In the first test of its kind, the Navy’s “next generation” ship-based air and missile defense radar, known as the SPY-6, successfully tracked a short-range ballistic missile target launched from Kauai last month, Naval Sea Systems Command said.
The new radar will significantly enhance a ship’s ability to detect air and surface targets as well as ever-proliferating ballistic missile and cruise missile threats, maker Raytheon Co. said.
The AN/SPY-6(V), designed to counter larger and complex raids, can see a target half the size at twice the distance of today’s ship-based radar, the SPY-1D, Raytheon said. Four “faces” of the radar will be built into the deckhouse of new Arleigh Burke Flight III destroyers to provide 360-degree threat protection.
“This radar will revolutionize the future of the U.S. Navy and is bringing a capability our nation needs today,” Navy Capt. Seiko Okano, major program manager for above-water sensors, said in a release.
During a flight test named Vigilant Hunter, the SPY-6 radar searched for, detected and maintained a track on a short-range ballistic missile target launched from the Pacific Missile Range Facility on Kauai on March 15, Naval Sea Systems Command revealed late last week.
It was the first in a series of ballistic missile defense flight tests planned for the SPY-6, also known as the Air and Missile Defense Radar, the Navy said.
The new radar is scalable and can be built up like Legos with individual 2-by-2-by-2-foot self-contained radar building blocks called radar modular assemblies, according to Raytheon.
“These individual radar RMAs can stack together to form any size array to fit the mission requirements of any ship, making AMDR the Navy’s first truly scalable radar,” the company said.
Raytheon said the SPY-6 is on track for new Flight III destroyers being built, but the scalability allows for back-fit on existing Arleigh Burke destroyers and installation on aircraft carriers, amphibious assault ships, littoral combat ships and the three-ship, DDG-1000 class of destroyers.
Each face of the SPY-6 is 14 by 14 feet — roughly the same size as today’s SPY-1D radar — but it will be more than 30 times more sensitive, Raytheon said.
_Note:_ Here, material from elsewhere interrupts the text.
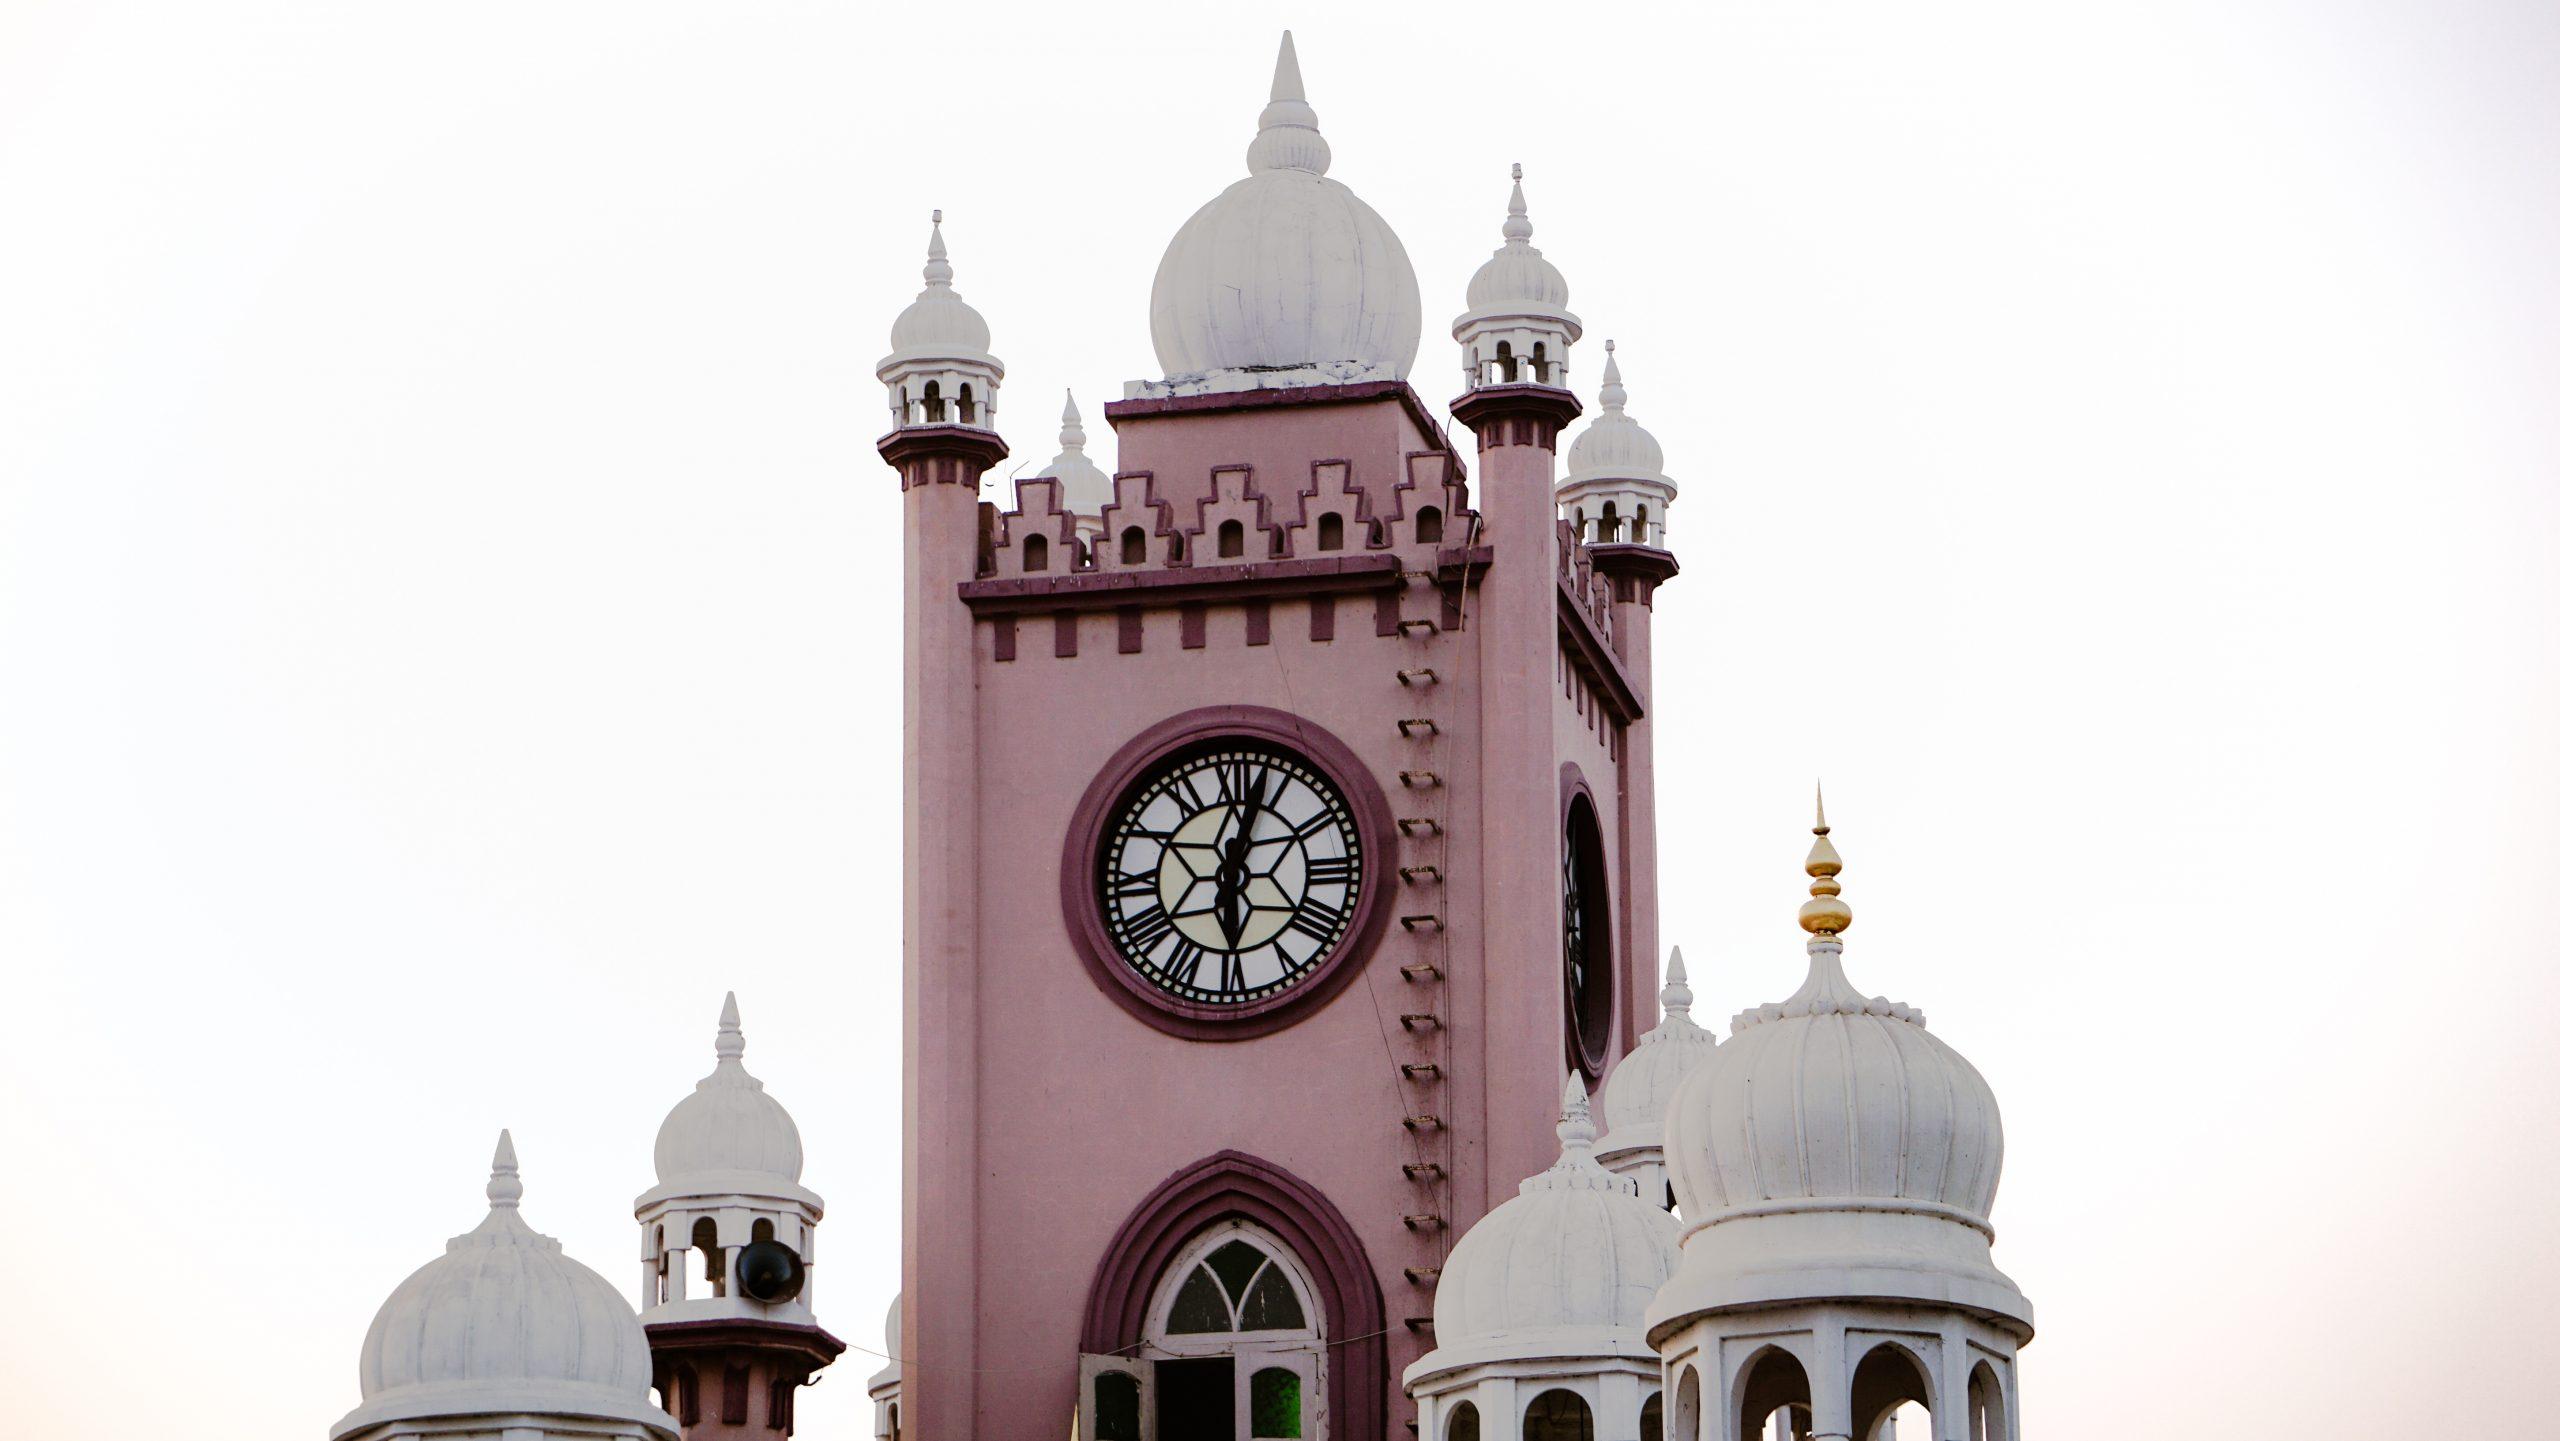 Saifee Clock Tower in Jamnagar, Gujarat, India,

The company said the radar leverages more than
10 years of technology development, requires 70 percent fewer unique parts and uses high-powered gallium nitride semiconductors that result in “significantly lower total ownership cost.”
The SPY radar in Navy nomenclature indicates S for surface craft, P for radar and Y for multifunctional.
The U.S. Government Accountability Office said in August that the Flight III destroyer design and construction “will be complex — primarily due to changes needed to incorporate SPY-6 radar onto the ship.”
The Navy plans to spend more than $50 billion to design and procure 22 Flight III ships, the GAO said. Among those changes, the stern has to be widened to increase buoyancy, the hull has to be strengthened and the ships will have to have bigger generators and chiller plants.
Testing of SPY-6 with the Aegis combat system is expected in late 2020 with initial operating capability in 2023, the GAO reported.